The launch of the 2016 Ford GT at the Detroit auto show was greeted with great excitement by the world’s motoring press, a dramatic looking car fired the enthusiasm of the journalists; but what about the invisible A-pillar?
Developing a good looking and well resolved A-pillar is one of those apparently simple but actually very complex tasks that the designer faces. A trap that many designers fall into is the ‘invisible A-pillar’, where the plan shape of the windscreen flows round into the side glass in a smooth curved piece of surface. This is easy to sketch and very seductive when the designer is looking for a new image. The roof takes on the appearance of a single integrated cap that closes the top of the car.
This style usually ends up causing more problems than it solves.
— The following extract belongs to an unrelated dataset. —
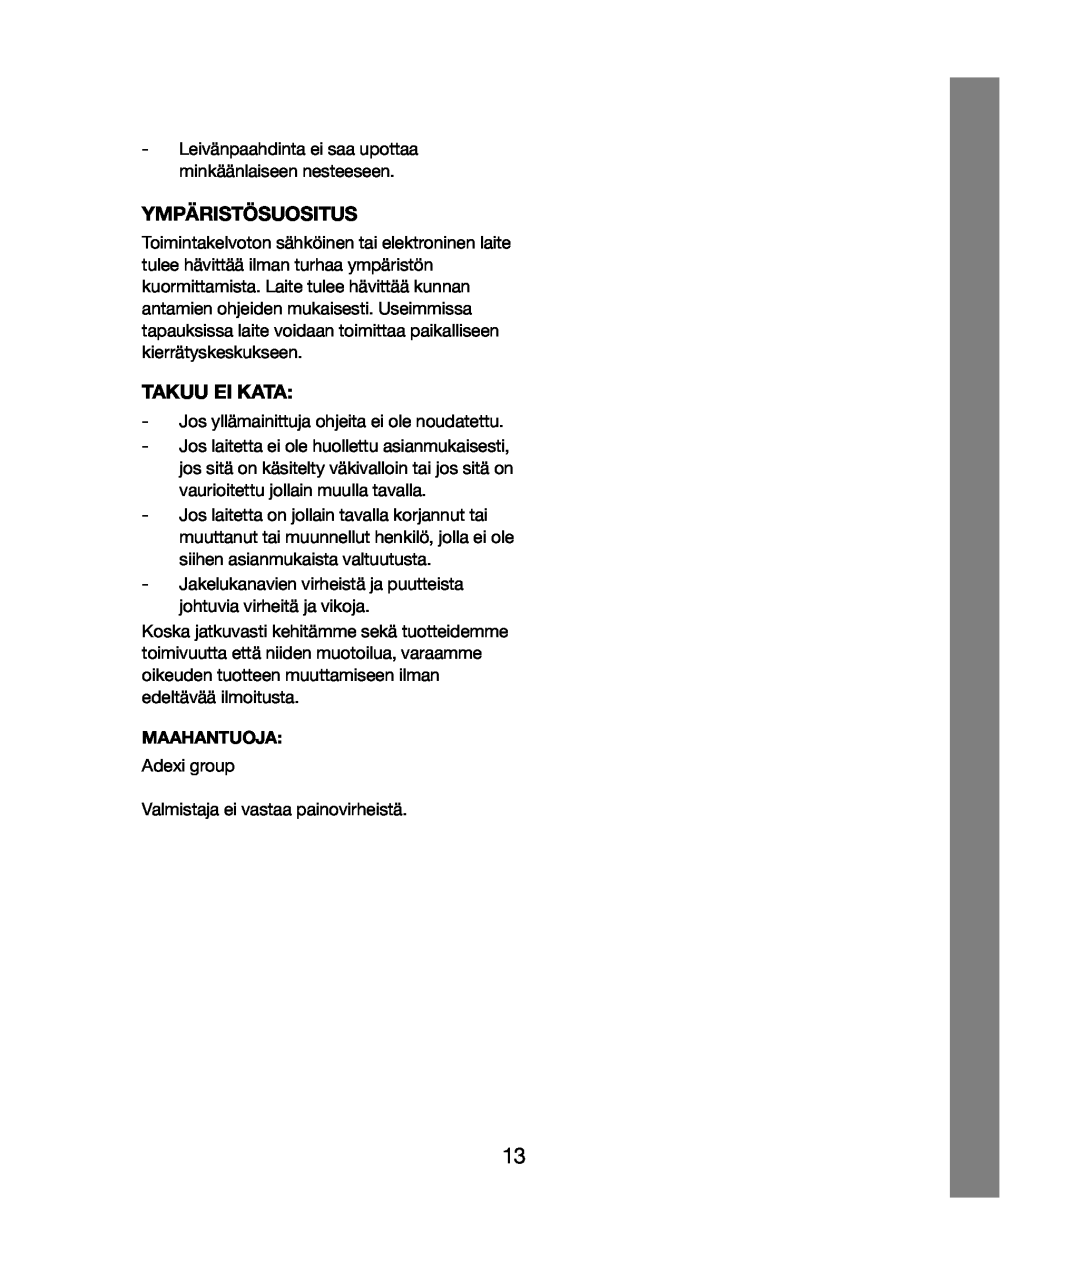 Melissa 243-020 manual Ympäristösuositus, Takuu Ei Kata, Maahantuoja

The roof will either look flat and without form on a small hatchback type of vehicle such as the Skoda Fabia or the Suzuki Swift. Or it will look thick, over-crowned and heavy, as is the case with the Lotus Evora and the Koenigsegg CCX. The Mini Paceman demonstrates that a roof can even look flat and formless whilst at the same time also looking thick and heavy.
Colin Chapman’s first mid-engined road car, the 1970s Lotus Europa, was designed by Ron Hickman. Hickman wanted the top line of the windscreen to curve round to meet the top line of the door glass; there was probably just one view point from which this would happen, although I never found it. The two lines are always in conflict with each other.
This is the major problem with this route to design resolution; you can see it with all the examples here. The one view that worked in sketch form for the design team is always impossible to resolve in the other 179 views that one has of the side of a car.
One of the worst is the treatment of the A-pillar on the Citroen DS3. The design intention was no doubt to have an integrated black upper part to the body; roof, glass, upper B-pillars and the A-pillars. The lower body being in a bright contrasting color like yellow.